Given material:
_ _ _ _

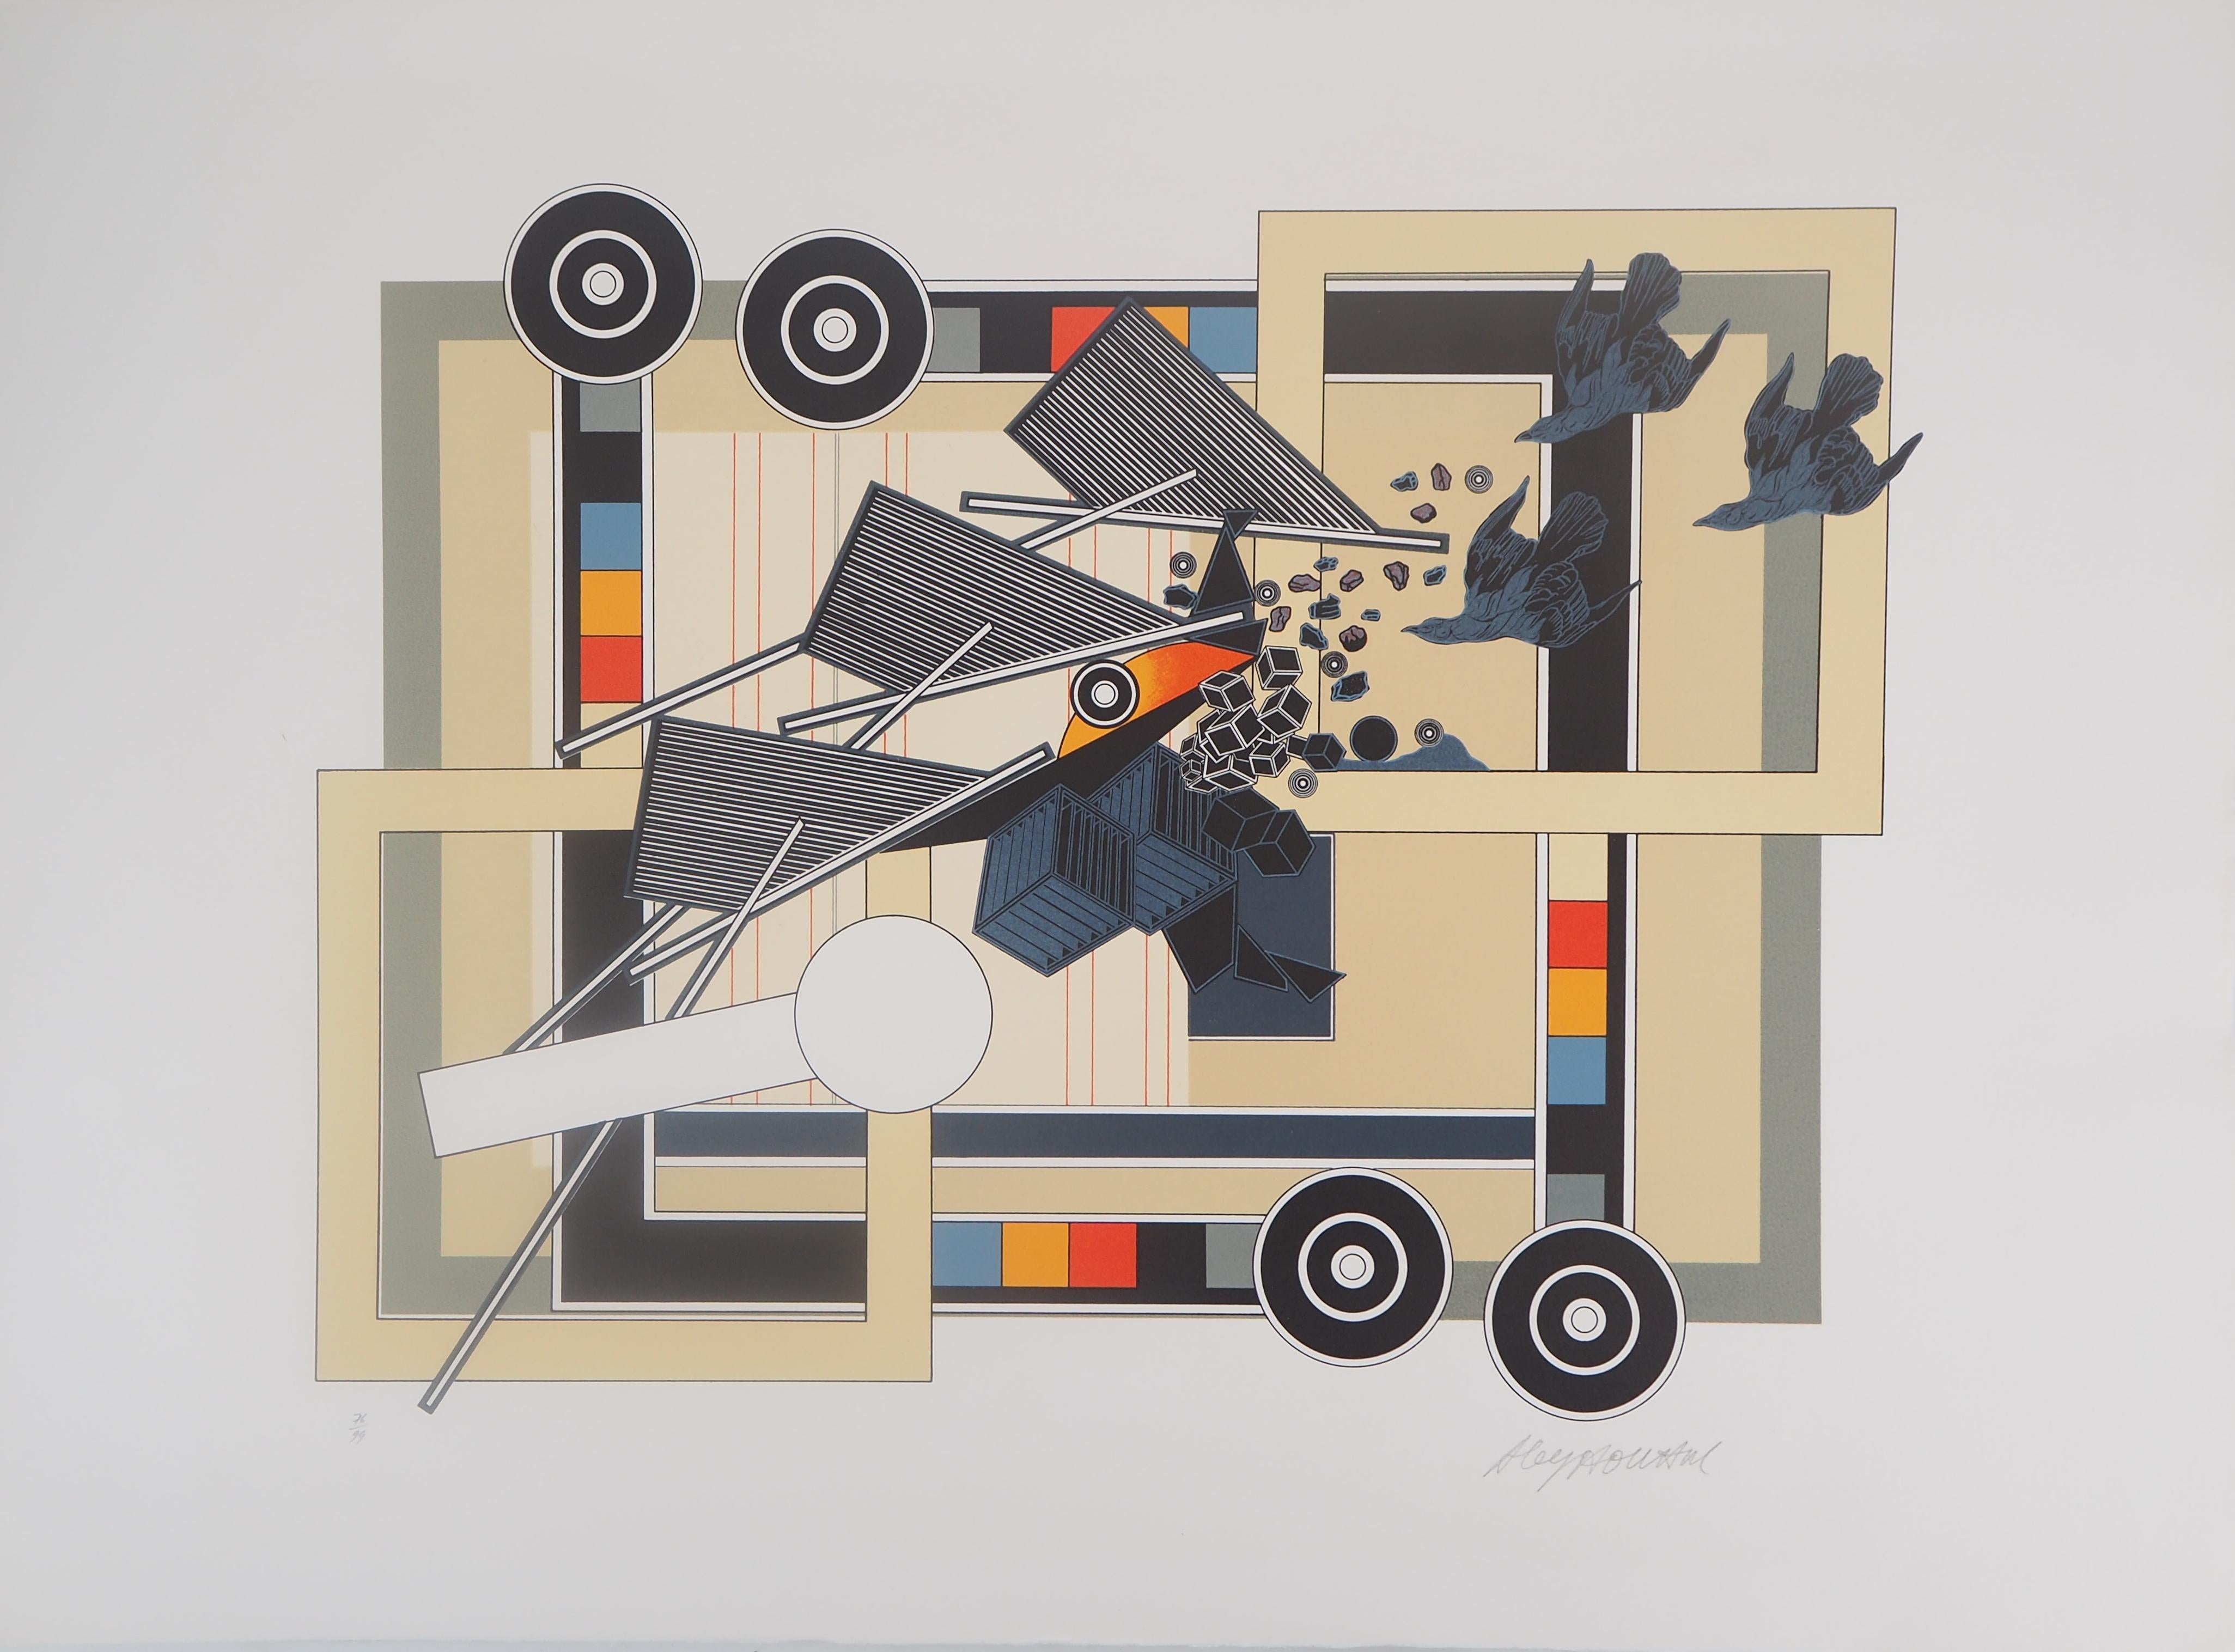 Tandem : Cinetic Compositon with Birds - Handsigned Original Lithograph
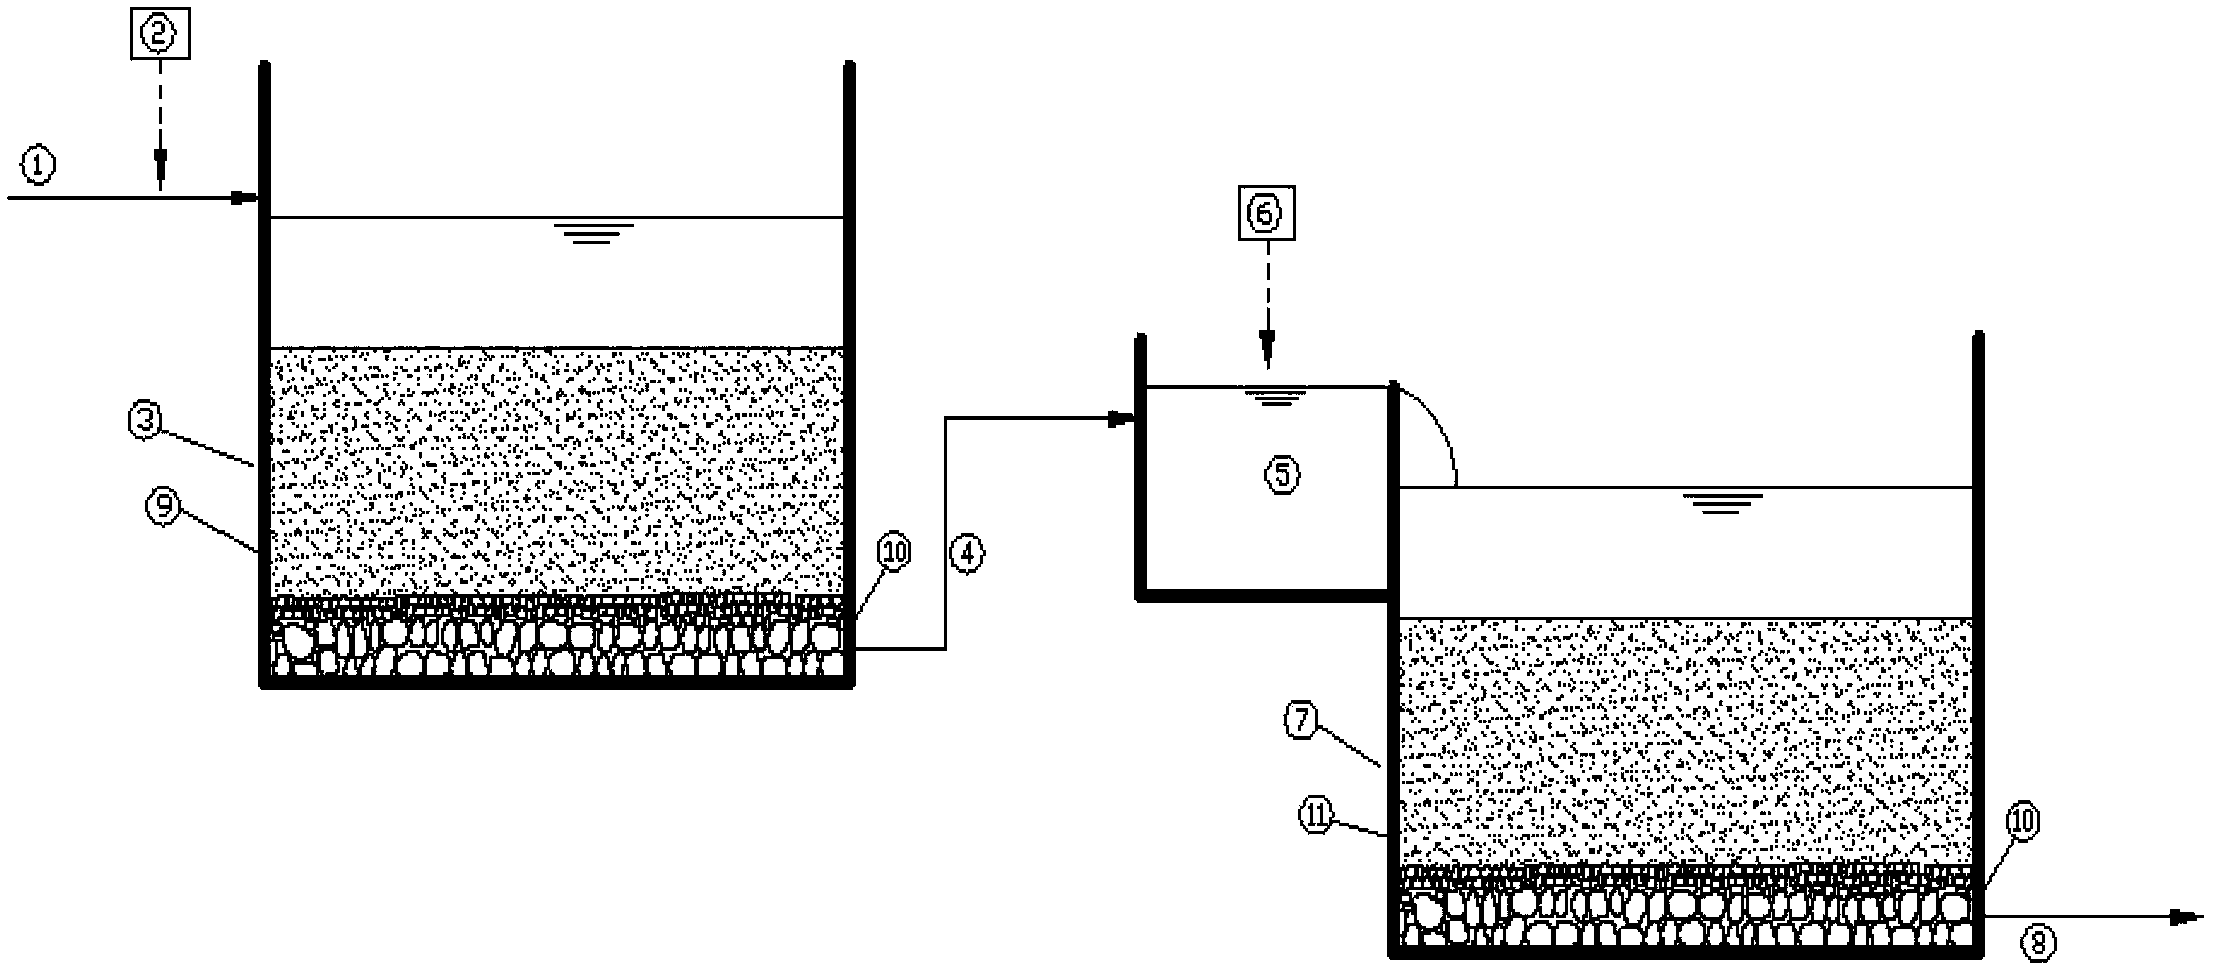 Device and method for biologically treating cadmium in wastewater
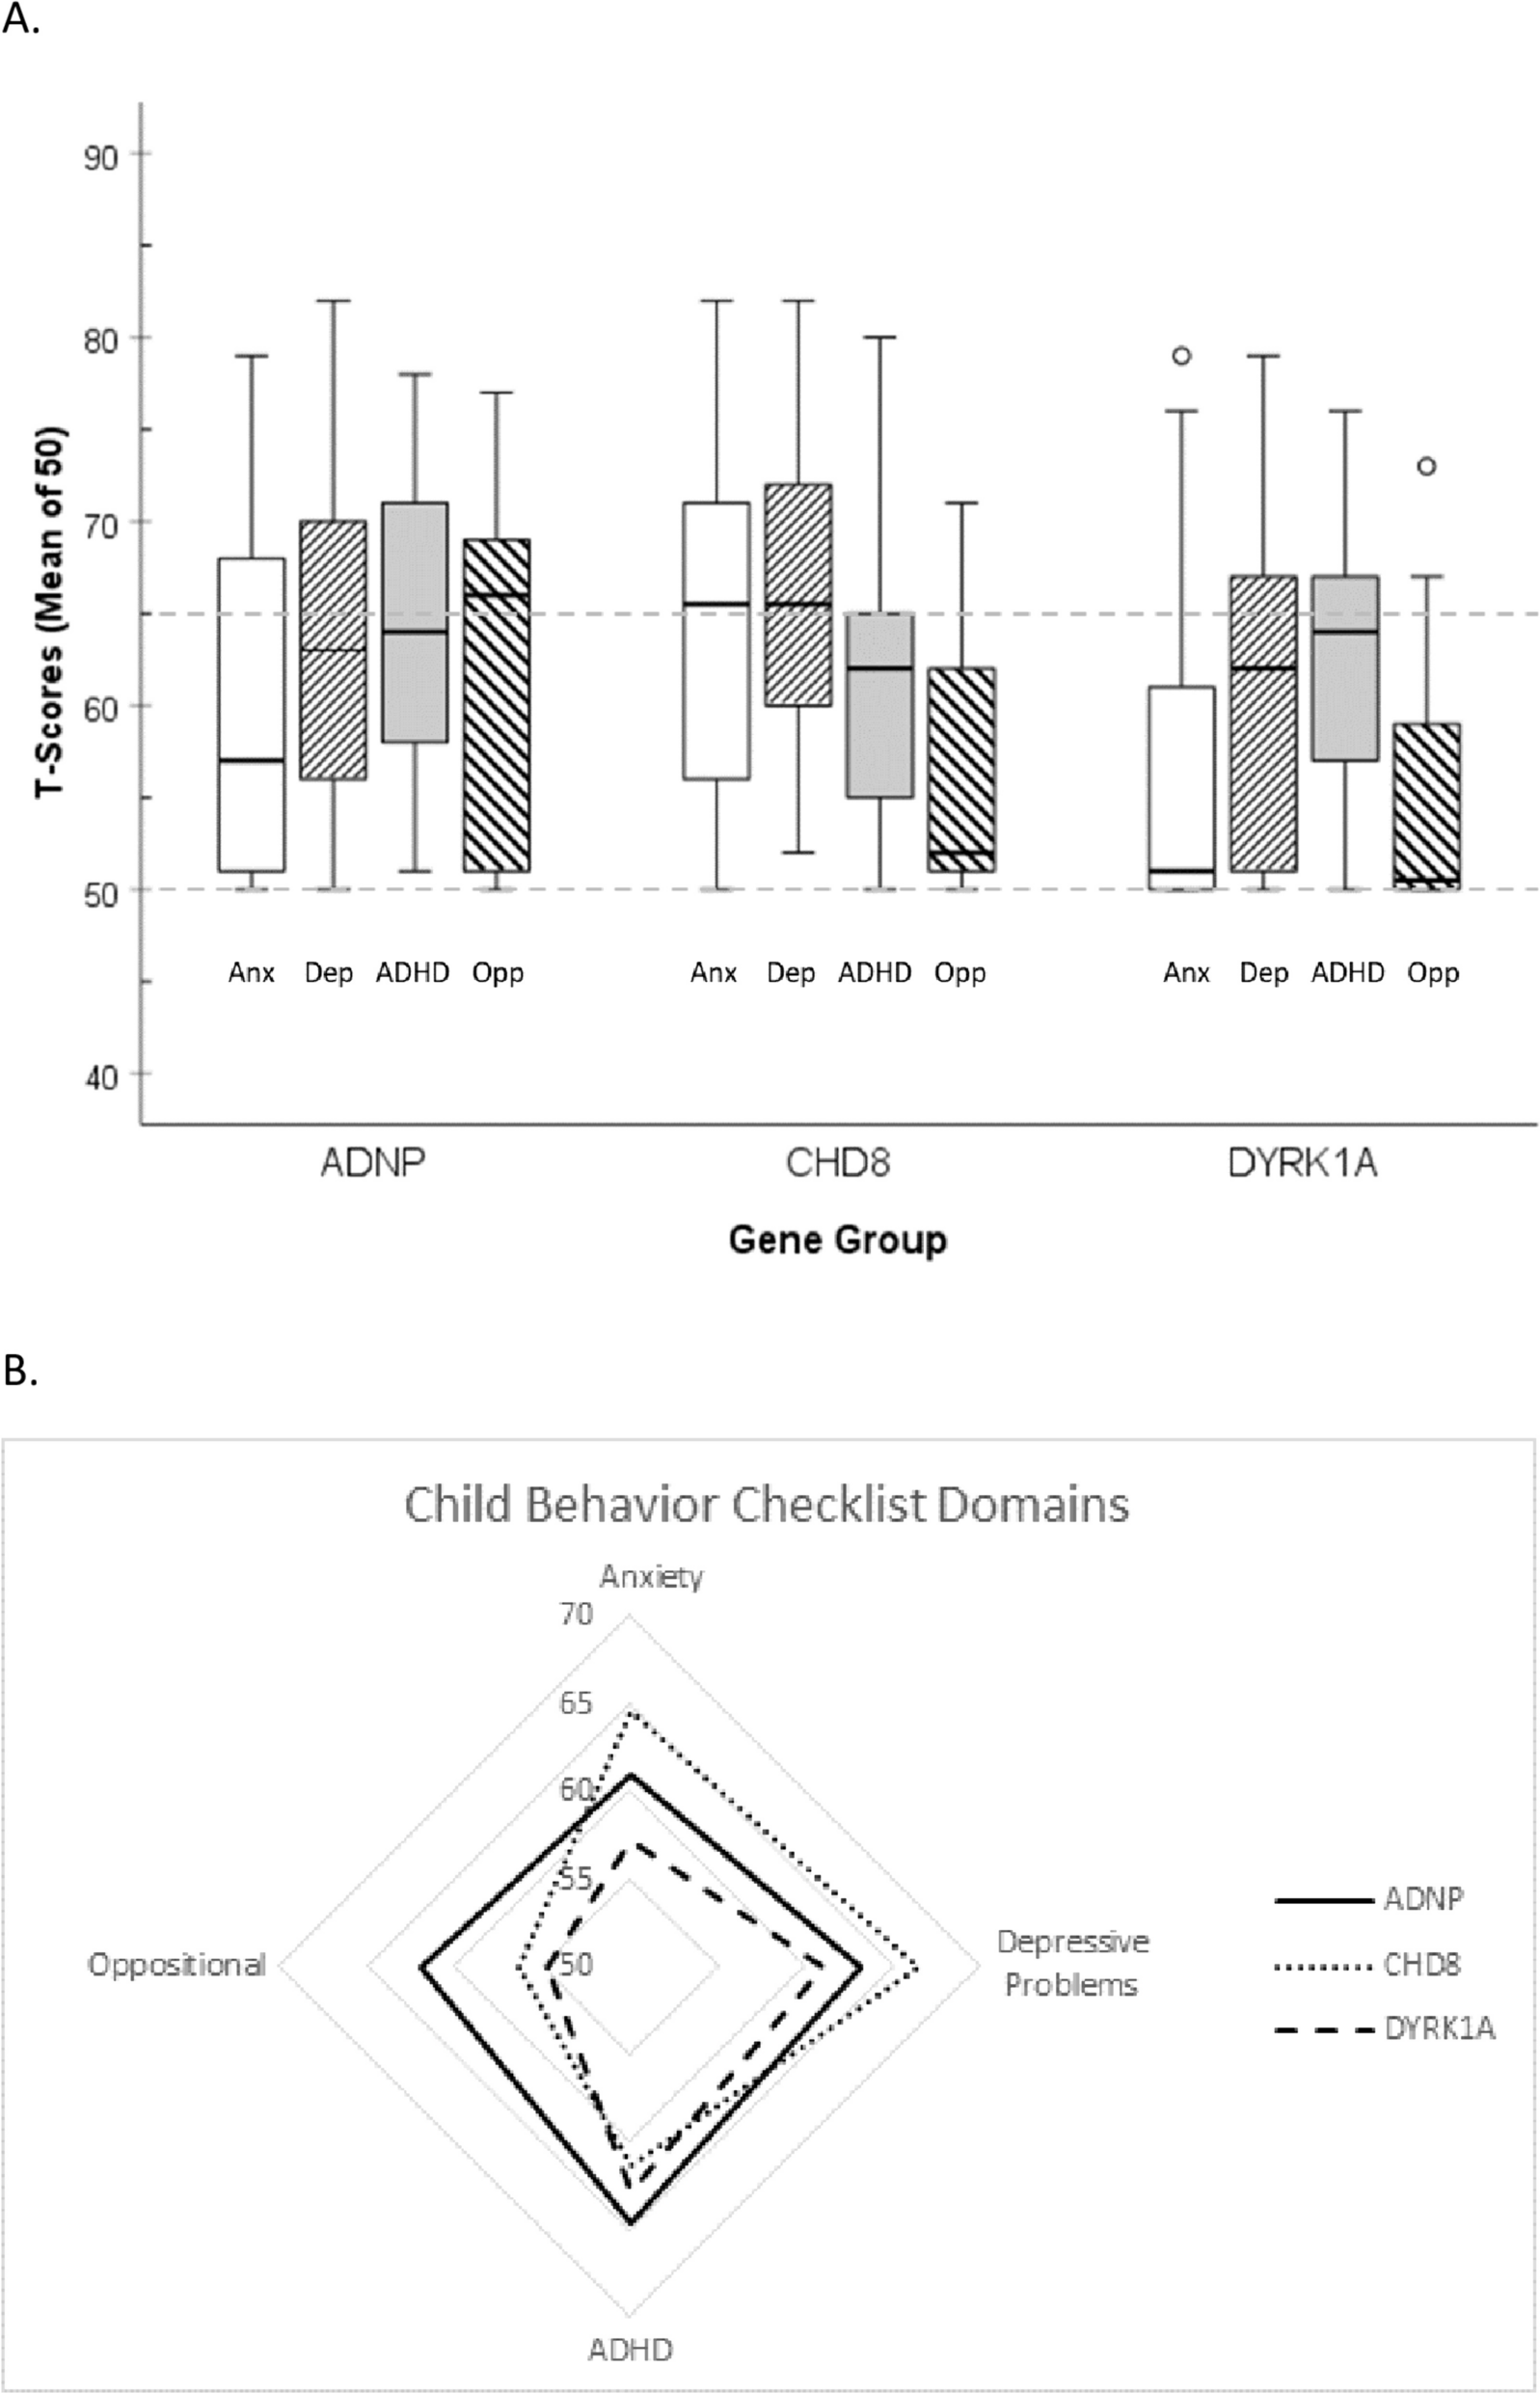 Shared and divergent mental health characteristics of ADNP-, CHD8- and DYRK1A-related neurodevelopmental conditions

_ _ _ _

Your task: Return the full listing exactly as it appears above, without its pictures.

Your solution:
 Tandem : Cinetic Compositon with Birds - Handsigned Original Lithograph
 Device and method for biologically treating cadmium in wastewater
 Shared and divergent mental health characteristics of ADNP-, CHD8- and DYRK1A-related neurodevelopmental conditions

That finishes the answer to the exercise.